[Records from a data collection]
.....
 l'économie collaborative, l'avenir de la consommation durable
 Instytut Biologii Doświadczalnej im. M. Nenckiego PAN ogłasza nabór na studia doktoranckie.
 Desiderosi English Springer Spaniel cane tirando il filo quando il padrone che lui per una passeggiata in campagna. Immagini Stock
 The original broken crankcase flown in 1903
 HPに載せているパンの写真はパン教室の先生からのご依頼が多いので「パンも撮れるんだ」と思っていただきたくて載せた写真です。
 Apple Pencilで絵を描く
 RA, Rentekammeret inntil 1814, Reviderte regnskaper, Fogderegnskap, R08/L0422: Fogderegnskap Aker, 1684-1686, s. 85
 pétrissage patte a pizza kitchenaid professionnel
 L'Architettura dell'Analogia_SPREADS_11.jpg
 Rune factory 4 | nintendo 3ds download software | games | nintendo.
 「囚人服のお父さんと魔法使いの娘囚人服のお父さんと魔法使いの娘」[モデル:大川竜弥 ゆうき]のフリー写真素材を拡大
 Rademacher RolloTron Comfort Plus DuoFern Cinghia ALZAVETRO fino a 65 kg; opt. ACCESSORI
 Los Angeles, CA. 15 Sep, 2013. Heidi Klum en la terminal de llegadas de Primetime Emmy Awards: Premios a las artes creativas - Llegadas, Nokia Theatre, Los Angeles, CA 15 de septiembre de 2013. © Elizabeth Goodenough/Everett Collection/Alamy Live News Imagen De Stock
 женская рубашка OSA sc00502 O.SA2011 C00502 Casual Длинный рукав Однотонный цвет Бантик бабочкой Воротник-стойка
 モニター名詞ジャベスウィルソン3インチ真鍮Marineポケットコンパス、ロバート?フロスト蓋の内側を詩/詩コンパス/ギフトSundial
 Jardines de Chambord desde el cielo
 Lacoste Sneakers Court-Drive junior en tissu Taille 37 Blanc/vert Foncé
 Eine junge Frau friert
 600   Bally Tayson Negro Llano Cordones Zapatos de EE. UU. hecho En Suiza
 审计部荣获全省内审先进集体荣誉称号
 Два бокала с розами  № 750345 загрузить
.....
Every line in the data above has to be retyped exactly.

> _ANSWER AREA_
 l'économie collaborative, l'avenir de la consommation durable
 Instytut Biologii Doświadczalnej im. M. Nenckiego PAN ogłasza nabór na studia doktoranckie.
 Desiderosi English Springer Spaniel cane tirando il filo quando il padrone che lui per una passeggiata in campagna. Immagini Stock
 The original broken crankcase flown in 1903
 HPに載せているパンの写真はパン教室の先生からのご依頼が多いので「パンも撮れるんだ」と思っていただきたくて載せた写真です。
 Apple Pencilで絵を描く
 RA, Rentekammeret inntil 1814, Reviderte regnskaper, Fogderegnskap, R08/L0422: Fogderegnskap Aker, 1684-1686, s. 85
 pétrissage patte a pizza kitchenaid professionnel
 L'Architettura dell'Analogia_SPREADS_11.jpg
 Rune factory 4 | nintendo 3ds download software | games | nintendo.
 「囚人服のお父さんと魔法使いの娘囚人服のお父さんと魔法使いの娘」[モデル:大川竜弥 ゆうき]のフリー写真素材を拡大
 Rademacher RolloTron Comfort Plus DuoFern Cinghia ALZAVETRO fino a 65 kg; opt. ACCESSORI
 Los Angeles, CA. 15 Sep, 2013. Heidi Klum en la terminal de llegadas de Primetime Emmy Awards: Premios a las artes creativas - Llegadas, Nokia Theatre, Los Angeles, CA 15 de septiembre de 2013. © Elizabeth Goodenough/Everett Collection/Alamy Live News Imagen De Stock
 женская рубашка OSA sc00502 O.SA2011 C00502 Casual Длинный рукав Однотонный цвет Бантик бабочкой Воротник-стойка
 モニター名詞ジャベスウィルソン3インチ真鍮Marineポケットコンパス、ロバート?フロスト蓋の内側を詩/詩コンパス/ギフトSundial
 Jardines de Chambord desde el cielo
 Lacoste Sneakers Court-Drive junior en tissu Taille 37 Blanc/vert Foncé
 Eine junge Frau friert
 600   Bally Tayson Negro Llano Cordones Zapatos de EE. UU. hecho En Suiza
 审计部荣获全省内审先进集体荣誉称号
 Два бокала с розами  № 750345 загрузить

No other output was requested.